Application of Ultrasonic Technology in Engine Flaw Detection: Fundamentals of Ultrasound



Discovery of piezoelectric effect and development of SONAR

In 1880, French physicists Pierre and Jacques Curie discovered the piezoelectric effect. French physicist Paul Langevin attempted to develop piezoelectric materials as senders and receivers of high-frequency mechanical disturbances (ultrasound waves) through materials. His specific application was the use of ultrasound to detect submarines during World War I.
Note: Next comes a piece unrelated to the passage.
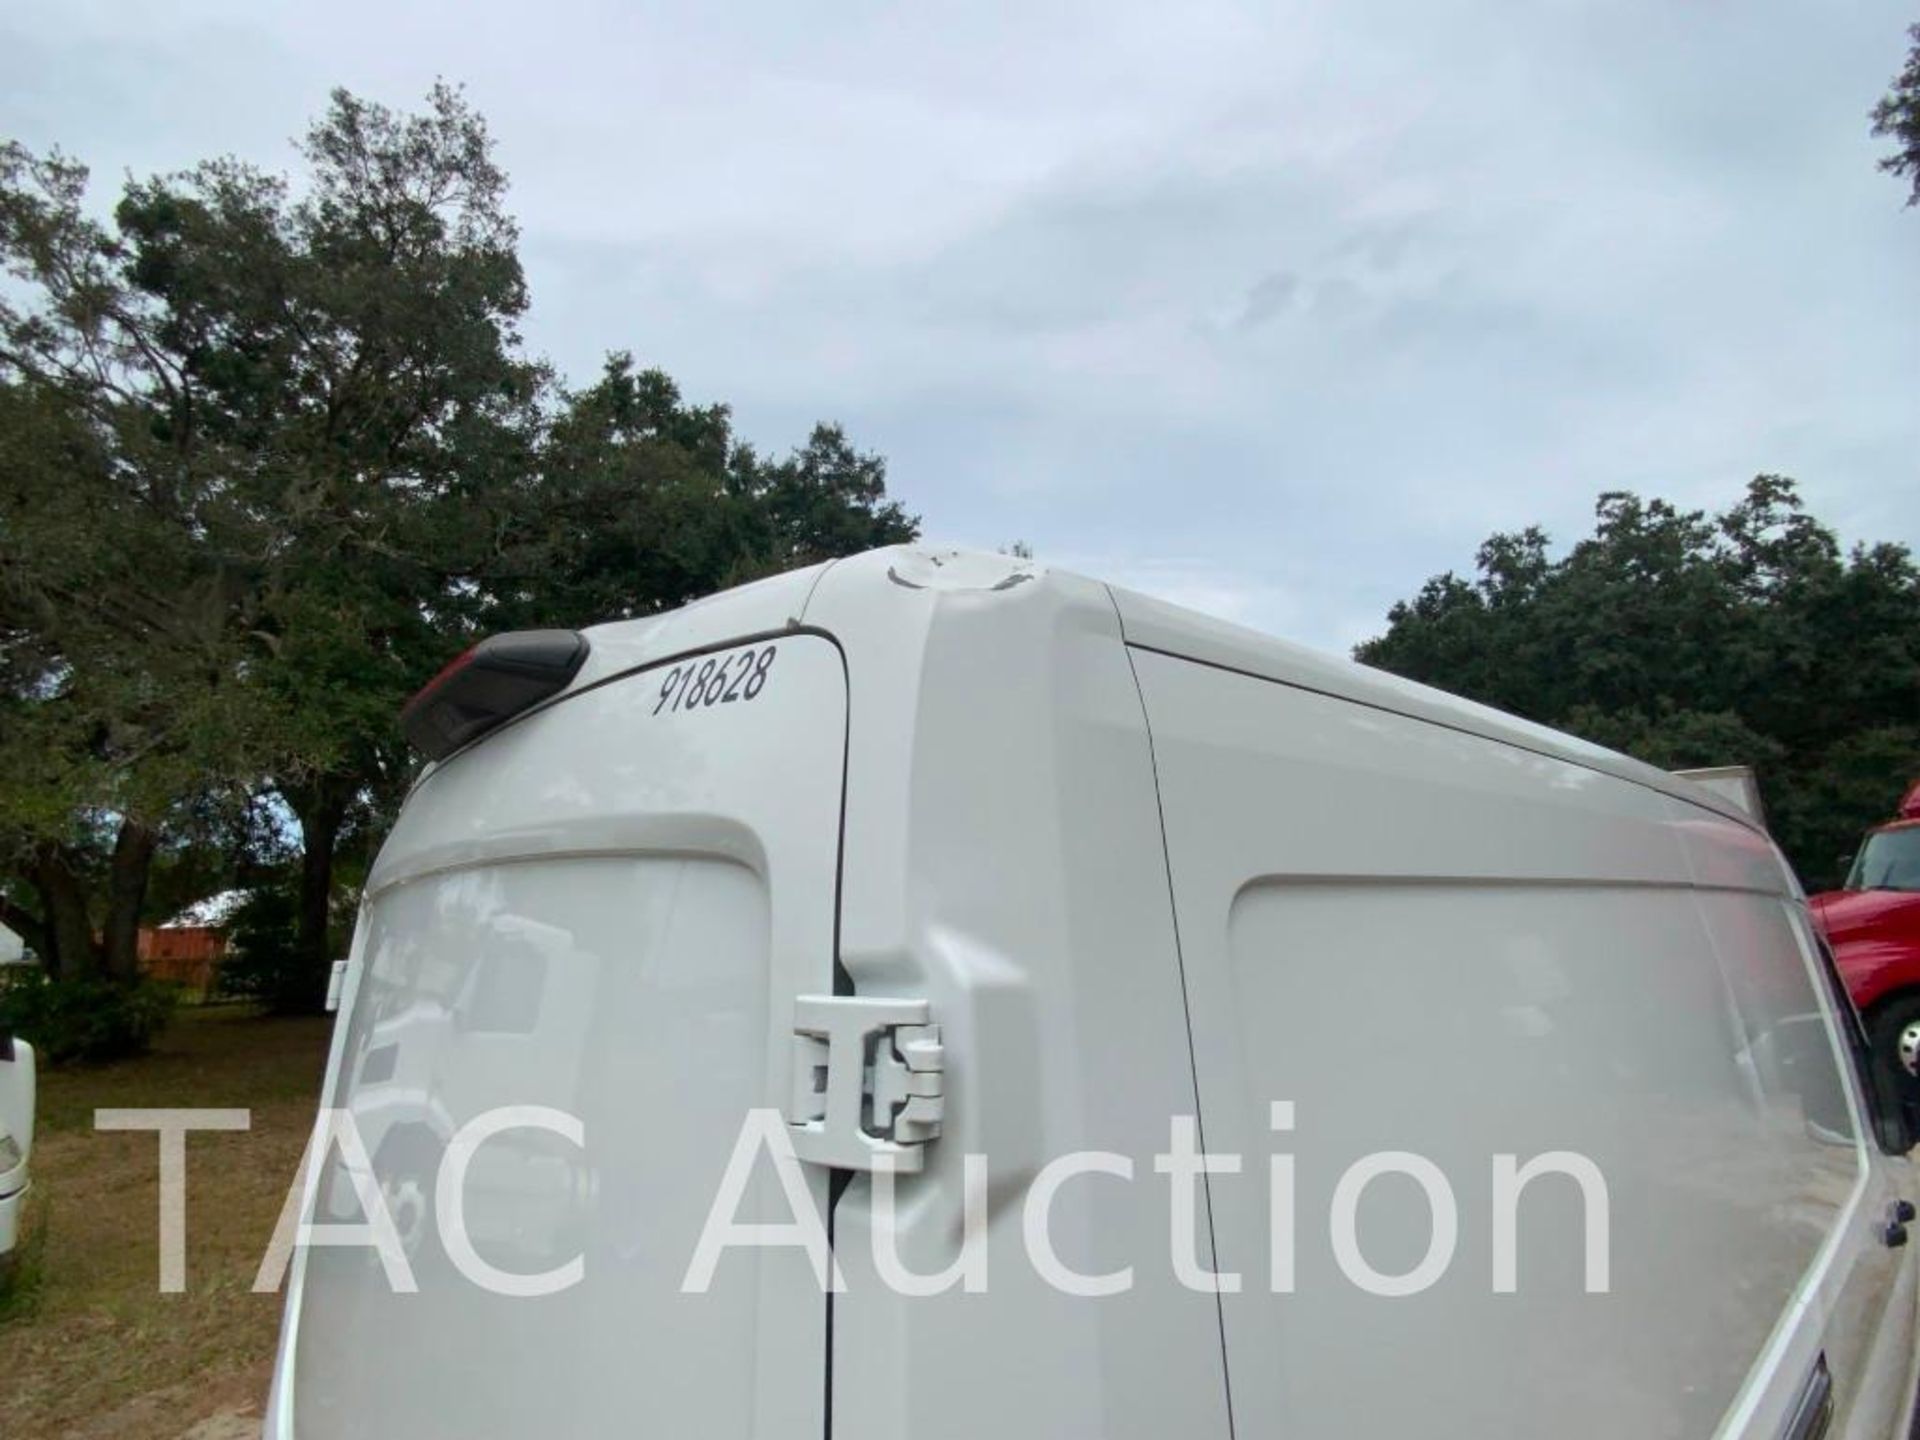 2019 Ford Transit 150 Cargo Van - Image 43 of 54

This technique, sound navigation and ranging (SONAR), finally became practical during World War II. Industrial uses of ultra-sound began in 1928 with the suggestion of Soviet Physicist Sokolov that it could be used to detect hidden flaws in materials.
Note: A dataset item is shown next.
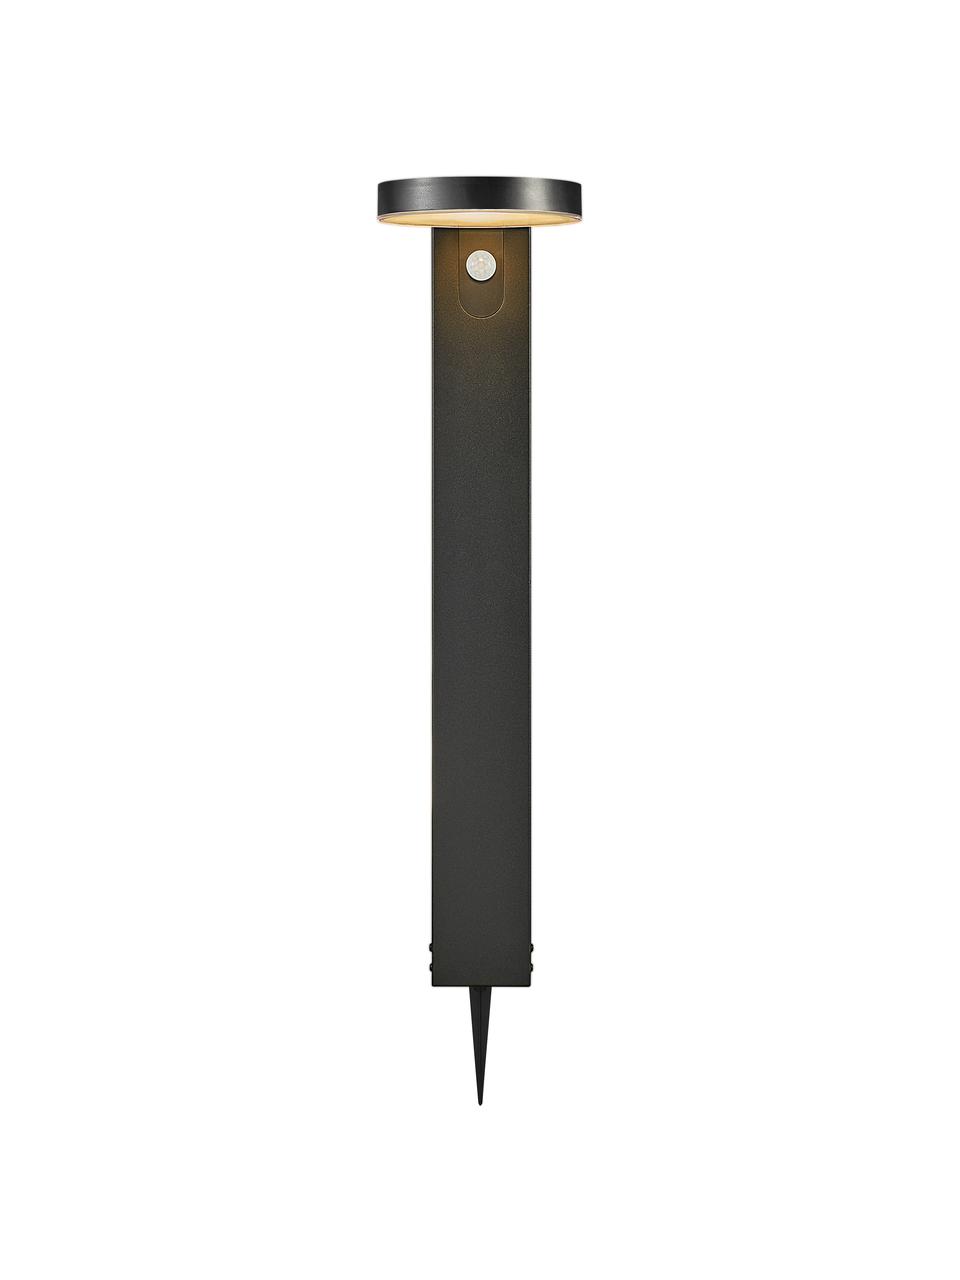 Solar padverlichting Rica met bewegingssensor, Lampenkap: kunststof, Lampvoet: gecoat staal, Zwart, B 15 cm x H 60 cm

Medical uses of ultrasound through the 1930s were confined to therapeutic applications such as cancer treatments and physical therapy for various ailments. Diagnostic applications of ultrasound began in the late 1940s through collaboration between physicians and engineers familiar with SONAR.

Non-destructive testing (NDT)

The application of physical principles for detecting inhomogeneities in materials without impairing the usefulness of the materials has brought into being a technique known as “nondestructive testing”-(NDT). These methods and techniques can be used to determine what variations or non-uniformities in properties can be tolerated in the anticipated service.
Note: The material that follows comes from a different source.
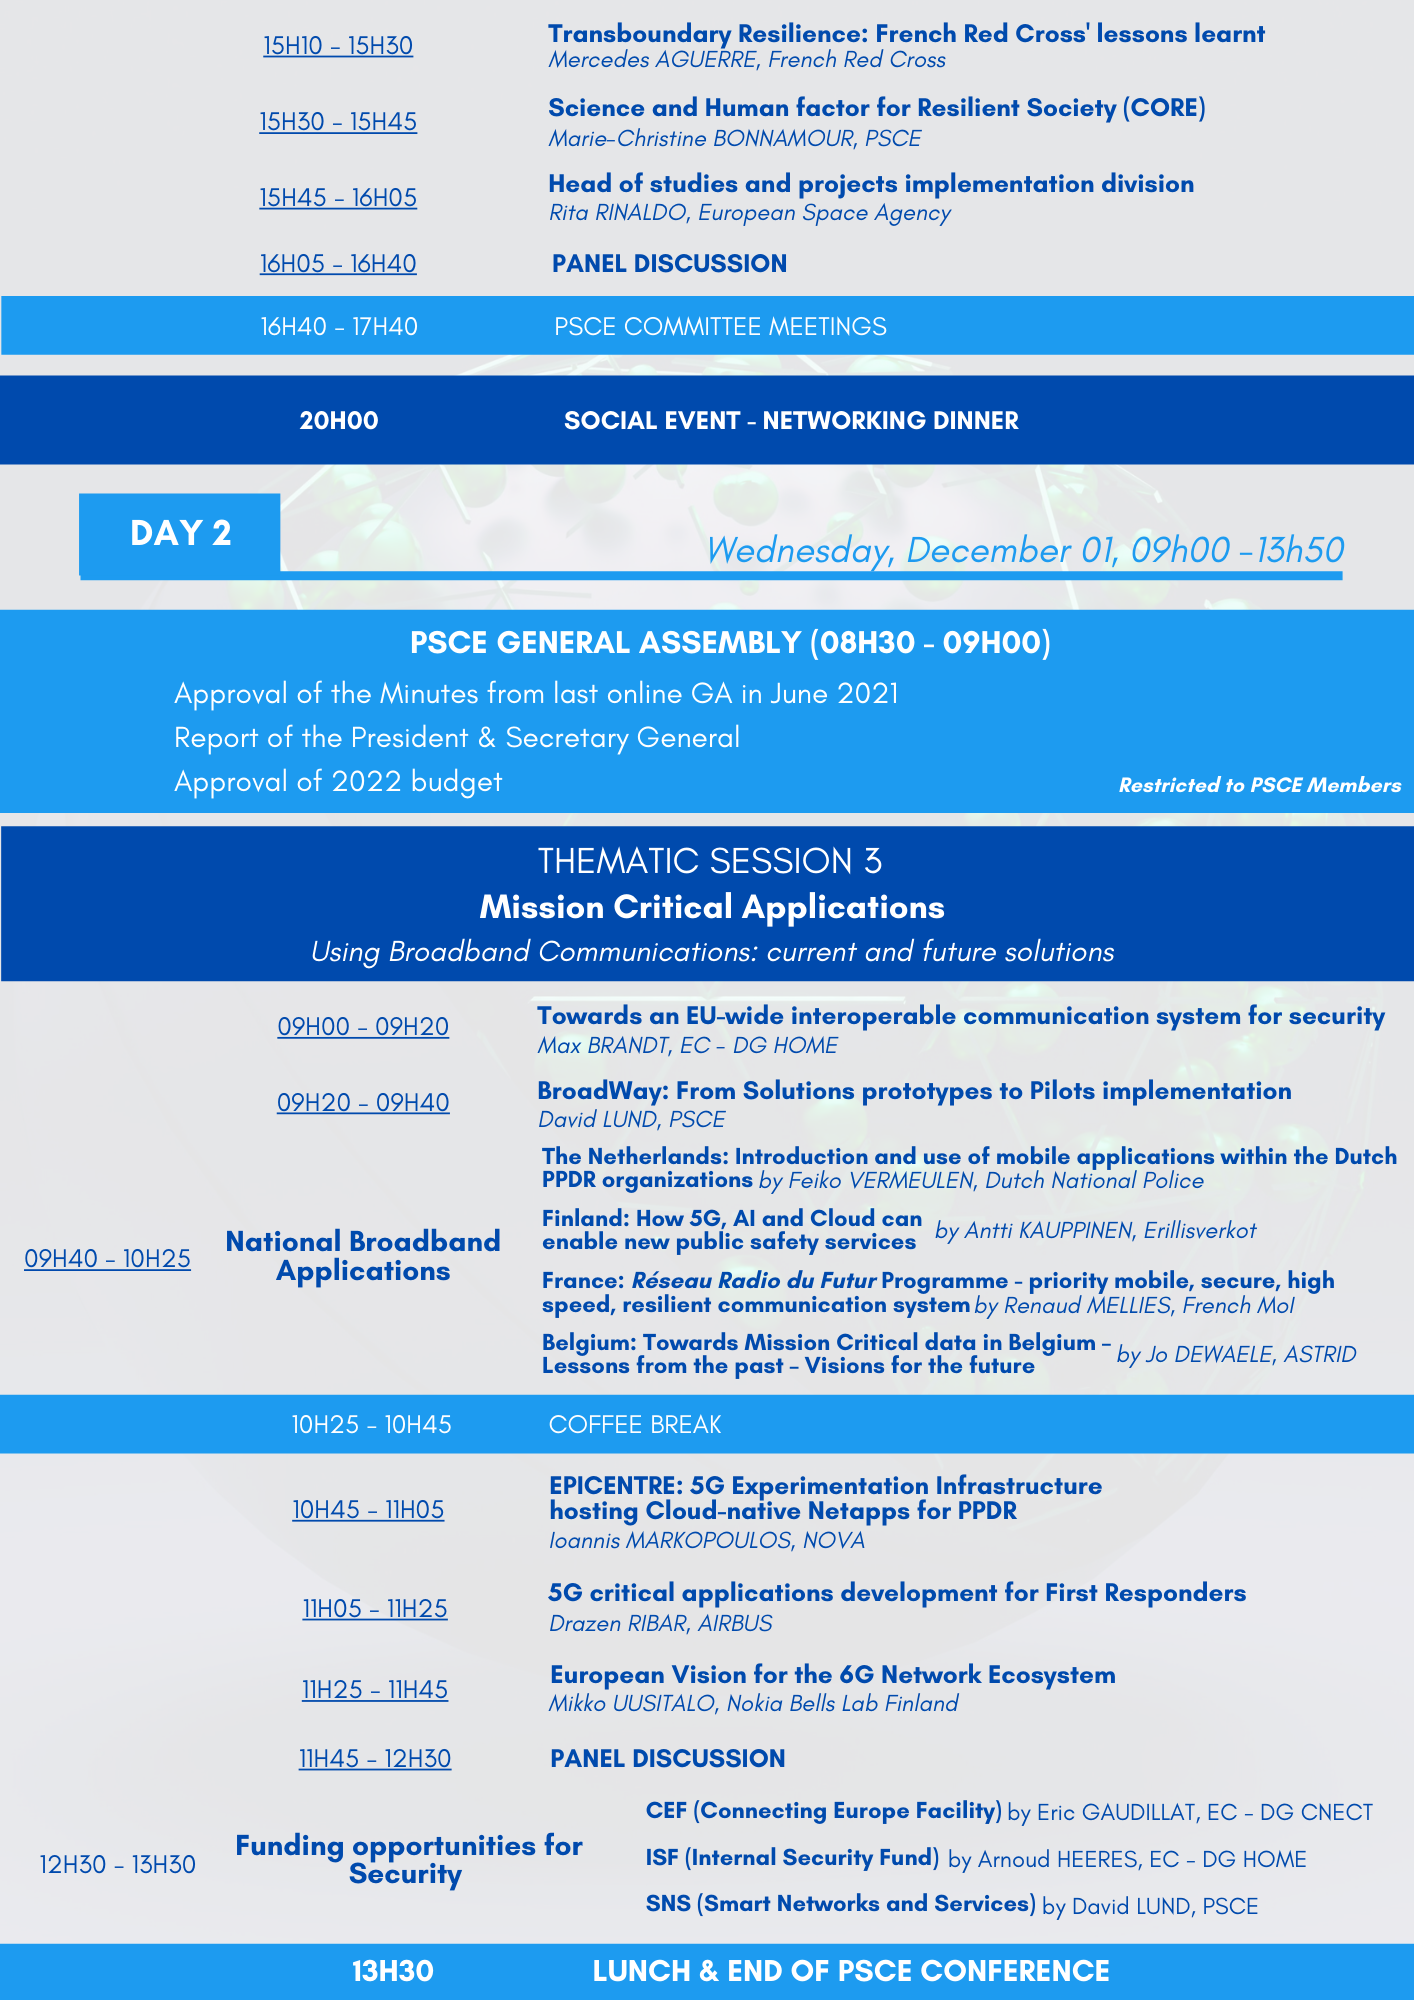 PSCE Conference in Brussels Agenda V13.101

The rapid growth in the use of NDT methods and techniques these days has resulted from demands by industry for improved quality and especially by the critical requirements in the fields of jet aircraft, missiles, and nuclear energy etc.

A number of other NDT methods exist. These are used only for specialized applications and consequently are limited in use. Some of these methods are as follows:

  1. Visual f. Acoustic (sonic and ultrasonic)
  2. Pressure and leak
  3. Penetrate
  4. Thermal
  5. Radiography (X-ray and gamma ray)
  6. Acoustic (sonic and ultrasonic)
  7. Magnetic
  8. Electrical and electrostatic
  9. Electromagnetic induction
  10. Others

Penetrant testing

The dye penetrant testing can be used to locate discontinuities on material surfaces. A highly penetrating dye on the surface will enter discontinuities after a sufficient penetration time, and after removing the excess dye with a developing agent, the defects on the surface will be visible.

Four stages of liquid penetrant process:

(a) Penetrant application and seepage into the discontinuity.
(b) Removal of excess penetrant.
(c) Application of developer, and
(d) Inspection for the presence of discontinuities.

Magnetic particle testing

Magnetic particle testing is accomplished by inducing a magnetic field in a ferromagnetic material and then dusting the surface with iron particles. The surface will produce magnetic poles and distort the magnetic field in such a way that the iron particles are attracted and concentrated making defects on the surface of the material visible.

Eddy current testing

It uses electromagnetic induction to detect flaws in conductive materials. There are several limitations, among them: only conductive materials can be tested, the surface of the material must be accessible, the finish of the material may cause bad readings, the depth of penetration into the material is limited by the materials’ conductivity, and flaws that lie parallel to the probe may be undetectable.

Radiographic testing method

Radiographic testing can be used to detect internal defects in castings, welds or forgings by exposure the construction to x-ray or gamma ray radiation. Defects are detected by differences in radiation absorption in the material as seen on a shadow graph displayed on photographic film or a fluorescent screen.

Ultrasonic testing

Ultrasonic Testing (UT) uses high-frequency sound waves (typically in the range between 0.5 and 15 MHz) to conduct examinations and make measurements. Besides its wide use in engineering applications (such as flaw detection/evaluation, dimensional measurements, material characterization, etc.), ultrasonic are also used in the medical field (such as sonography, therapeutic ultrasound, etc.).

In general, ultrasonic testing is based on the capture and quantification of either the reflected waves (pulse-echo) or the transmitted waves (through-transmission). Each of the two types is used in certain applications, but generally, pulse echo systems are more useful since they require one-sided access to the object being inspected.


Introduction to Ultrasound

Before defining ultrasonic waves it is better to discuss the propagation of sound in a medium, and this is demonstrated below in Fig.1. The vibration of the air by the voice in one of the compartments either left or right vibrates the thin paper right and left.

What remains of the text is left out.